WHAT YOU WILL DO ▸ All lines from the one containing "Petite-lumbar hockney pink" through the end of the data below are to be transcribed exactly. Leave out the rest.

DATASET EXTRACT ▸
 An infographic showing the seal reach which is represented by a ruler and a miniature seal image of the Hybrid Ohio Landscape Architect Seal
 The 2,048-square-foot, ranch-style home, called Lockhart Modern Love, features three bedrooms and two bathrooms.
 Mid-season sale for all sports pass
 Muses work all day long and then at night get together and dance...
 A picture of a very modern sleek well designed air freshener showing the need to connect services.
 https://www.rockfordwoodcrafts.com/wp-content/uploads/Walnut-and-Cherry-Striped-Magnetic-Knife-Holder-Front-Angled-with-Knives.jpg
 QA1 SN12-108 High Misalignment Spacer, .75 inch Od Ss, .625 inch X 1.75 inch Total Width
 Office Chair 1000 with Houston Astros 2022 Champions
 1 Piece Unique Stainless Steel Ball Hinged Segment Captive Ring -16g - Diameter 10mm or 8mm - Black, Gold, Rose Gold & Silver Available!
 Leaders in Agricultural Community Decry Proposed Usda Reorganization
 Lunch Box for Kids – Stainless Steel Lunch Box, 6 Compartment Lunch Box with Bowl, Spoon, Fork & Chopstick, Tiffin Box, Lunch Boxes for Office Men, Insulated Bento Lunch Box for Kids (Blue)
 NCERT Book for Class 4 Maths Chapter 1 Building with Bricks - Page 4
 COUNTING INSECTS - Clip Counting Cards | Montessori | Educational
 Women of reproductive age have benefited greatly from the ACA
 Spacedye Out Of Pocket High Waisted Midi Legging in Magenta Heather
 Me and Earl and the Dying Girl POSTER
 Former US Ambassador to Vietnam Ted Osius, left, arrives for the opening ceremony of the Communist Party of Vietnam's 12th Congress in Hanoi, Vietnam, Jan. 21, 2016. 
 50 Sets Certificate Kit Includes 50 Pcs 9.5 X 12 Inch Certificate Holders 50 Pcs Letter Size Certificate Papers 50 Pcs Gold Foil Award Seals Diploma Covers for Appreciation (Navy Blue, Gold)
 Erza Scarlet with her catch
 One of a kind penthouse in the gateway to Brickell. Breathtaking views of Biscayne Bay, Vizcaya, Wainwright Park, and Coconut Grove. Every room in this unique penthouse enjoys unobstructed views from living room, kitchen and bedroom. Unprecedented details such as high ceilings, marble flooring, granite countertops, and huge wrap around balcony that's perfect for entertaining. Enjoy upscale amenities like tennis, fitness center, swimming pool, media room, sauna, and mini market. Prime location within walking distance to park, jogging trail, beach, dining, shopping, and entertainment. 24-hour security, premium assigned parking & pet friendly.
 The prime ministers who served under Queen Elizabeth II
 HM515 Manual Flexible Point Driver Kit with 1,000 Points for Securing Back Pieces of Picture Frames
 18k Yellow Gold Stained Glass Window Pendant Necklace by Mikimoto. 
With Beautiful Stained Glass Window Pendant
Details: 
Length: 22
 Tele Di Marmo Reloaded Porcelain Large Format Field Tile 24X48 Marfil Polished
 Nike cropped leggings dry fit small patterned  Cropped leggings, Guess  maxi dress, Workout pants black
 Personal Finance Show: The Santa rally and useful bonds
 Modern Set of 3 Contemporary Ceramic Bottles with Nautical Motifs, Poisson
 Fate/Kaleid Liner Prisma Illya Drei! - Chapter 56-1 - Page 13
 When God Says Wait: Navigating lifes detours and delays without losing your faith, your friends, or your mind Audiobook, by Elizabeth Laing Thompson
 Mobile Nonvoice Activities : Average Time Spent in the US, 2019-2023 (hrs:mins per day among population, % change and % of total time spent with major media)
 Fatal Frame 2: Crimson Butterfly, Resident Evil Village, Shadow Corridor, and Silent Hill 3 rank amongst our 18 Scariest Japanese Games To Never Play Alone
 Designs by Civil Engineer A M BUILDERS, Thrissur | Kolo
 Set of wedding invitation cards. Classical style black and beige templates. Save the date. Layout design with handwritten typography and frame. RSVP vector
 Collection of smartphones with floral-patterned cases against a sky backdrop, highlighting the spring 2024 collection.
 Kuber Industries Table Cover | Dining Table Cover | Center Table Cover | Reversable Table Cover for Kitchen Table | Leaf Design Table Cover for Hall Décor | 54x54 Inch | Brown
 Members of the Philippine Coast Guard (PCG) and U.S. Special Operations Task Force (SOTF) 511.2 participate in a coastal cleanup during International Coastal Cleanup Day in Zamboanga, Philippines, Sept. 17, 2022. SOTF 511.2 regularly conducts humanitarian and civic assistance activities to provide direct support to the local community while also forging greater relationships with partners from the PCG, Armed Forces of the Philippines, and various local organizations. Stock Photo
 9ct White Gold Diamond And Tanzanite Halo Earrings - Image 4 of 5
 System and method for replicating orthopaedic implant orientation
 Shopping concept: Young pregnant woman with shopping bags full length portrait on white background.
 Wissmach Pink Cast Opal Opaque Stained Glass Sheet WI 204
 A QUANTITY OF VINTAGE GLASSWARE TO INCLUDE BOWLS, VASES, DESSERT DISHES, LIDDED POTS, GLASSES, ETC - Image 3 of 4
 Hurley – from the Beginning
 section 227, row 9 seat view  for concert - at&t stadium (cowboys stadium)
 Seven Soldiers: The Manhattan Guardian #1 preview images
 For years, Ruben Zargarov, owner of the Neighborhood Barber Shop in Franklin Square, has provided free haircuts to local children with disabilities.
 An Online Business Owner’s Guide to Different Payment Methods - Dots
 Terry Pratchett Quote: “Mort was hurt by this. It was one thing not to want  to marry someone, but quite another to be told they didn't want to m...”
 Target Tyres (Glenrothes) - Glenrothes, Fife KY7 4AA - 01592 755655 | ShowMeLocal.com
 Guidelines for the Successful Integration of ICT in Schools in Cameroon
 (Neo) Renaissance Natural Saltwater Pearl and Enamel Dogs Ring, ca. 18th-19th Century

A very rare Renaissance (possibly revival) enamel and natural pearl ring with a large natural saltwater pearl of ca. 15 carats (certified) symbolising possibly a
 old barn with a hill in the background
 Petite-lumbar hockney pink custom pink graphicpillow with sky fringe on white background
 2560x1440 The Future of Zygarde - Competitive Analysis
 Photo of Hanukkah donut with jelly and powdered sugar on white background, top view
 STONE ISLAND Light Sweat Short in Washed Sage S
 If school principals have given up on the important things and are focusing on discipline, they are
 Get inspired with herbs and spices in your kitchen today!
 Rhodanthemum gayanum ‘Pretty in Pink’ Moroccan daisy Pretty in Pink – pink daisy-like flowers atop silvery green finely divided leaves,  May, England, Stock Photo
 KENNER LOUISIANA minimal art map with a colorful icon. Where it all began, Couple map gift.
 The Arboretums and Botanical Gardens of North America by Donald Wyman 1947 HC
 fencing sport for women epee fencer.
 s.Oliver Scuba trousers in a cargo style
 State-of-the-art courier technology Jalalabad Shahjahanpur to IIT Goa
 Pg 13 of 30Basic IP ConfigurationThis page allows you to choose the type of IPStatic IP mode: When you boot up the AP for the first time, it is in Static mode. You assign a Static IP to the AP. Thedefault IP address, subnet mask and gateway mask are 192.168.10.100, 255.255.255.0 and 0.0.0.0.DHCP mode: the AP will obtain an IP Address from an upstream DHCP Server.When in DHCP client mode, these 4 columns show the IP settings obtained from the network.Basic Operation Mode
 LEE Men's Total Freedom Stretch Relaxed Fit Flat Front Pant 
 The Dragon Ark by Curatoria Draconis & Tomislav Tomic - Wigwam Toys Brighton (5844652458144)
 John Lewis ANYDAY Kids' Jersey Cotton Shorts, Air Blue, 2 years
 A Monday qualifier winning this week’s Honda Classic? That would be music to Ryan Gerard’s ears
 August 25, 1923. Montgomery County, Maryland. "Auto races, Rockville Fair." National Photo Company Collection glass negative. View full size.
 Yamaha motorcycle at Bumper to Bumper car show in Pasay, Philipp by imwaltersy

SOLUTION TO THIS PROBLEM ▸
 Petite-lumbar hockney pink custom pink graphicpillow with sky fringe on white background
 2560x1440 The Future of Zygarde - Competitive Analysis
 Photo of Hanukkah donut with jelly and powdered sugar on white background, top view
 STONE ISLAND Light Sweat Short in Washed Sage S
 If school principals have given up on the important things and are focusing on discipline, they are
 Get inspired with herbs and spices in your kitchen today!
 Rhodanthemum gayanum ‘Pretty in Pink’ Moroccan daisy Pretty in Pink – pink daisy-like flowers atop silvery green finely divided leaves,  May, England, Stock Photo
 KENNER LOUISIANA minimal art map with a colorful icon. Where it all began, Couple map gift.
 The Arboretums and Botanical Gardens of North America by Donald Wyman 1947 HC
 fencing sport for women epee fencer.
 s.Oliver Scuba trousers in a cargo style
 State-of-the-art courier technology Jalalabad Shahjahanpur to IIT Goa
 Pg 13 of 30Basic IP ConfigurationThis page allows you to choose the type of IPStatic IP mode: When you boot up the AP for the first time, it is in Static mode. You assign a Static IP to the AP. Thedefault IP address, subnet mask and gateway mask are 192.168.10.100, 255.255.255.0 and 0.0.0.0.DHCP mode: the AP will obtain an IP Address from an upstream DHCP Server.When in DHCP client mode, these 4 columns show the IP settings obtained from the network.Basic Operation Mode
 LEE Men's Total Freedom Stretch Relaxed Fit Flat Front Pant 
 The Dragon Ark by Curatoria Draconis & Tomislav Tomic - Wigwam Toys Brighton (5844652458144)
 John Lewis ANYDAY Kids' Jersey Cotton Shorts, Air Blue, 2 years
 A Monday qualifier winning this week’s Honda Classic? That would be music to Ryan Gerard’s ears
 August 25, 1923. Montgomery County, Maryland. "Auto races, Rockville Fair." National Photo Company Collection glass negative. View full size.
 Yamaha motorcycle at Bumper to Bumper car show in Pasay, Philipp by imwaltersy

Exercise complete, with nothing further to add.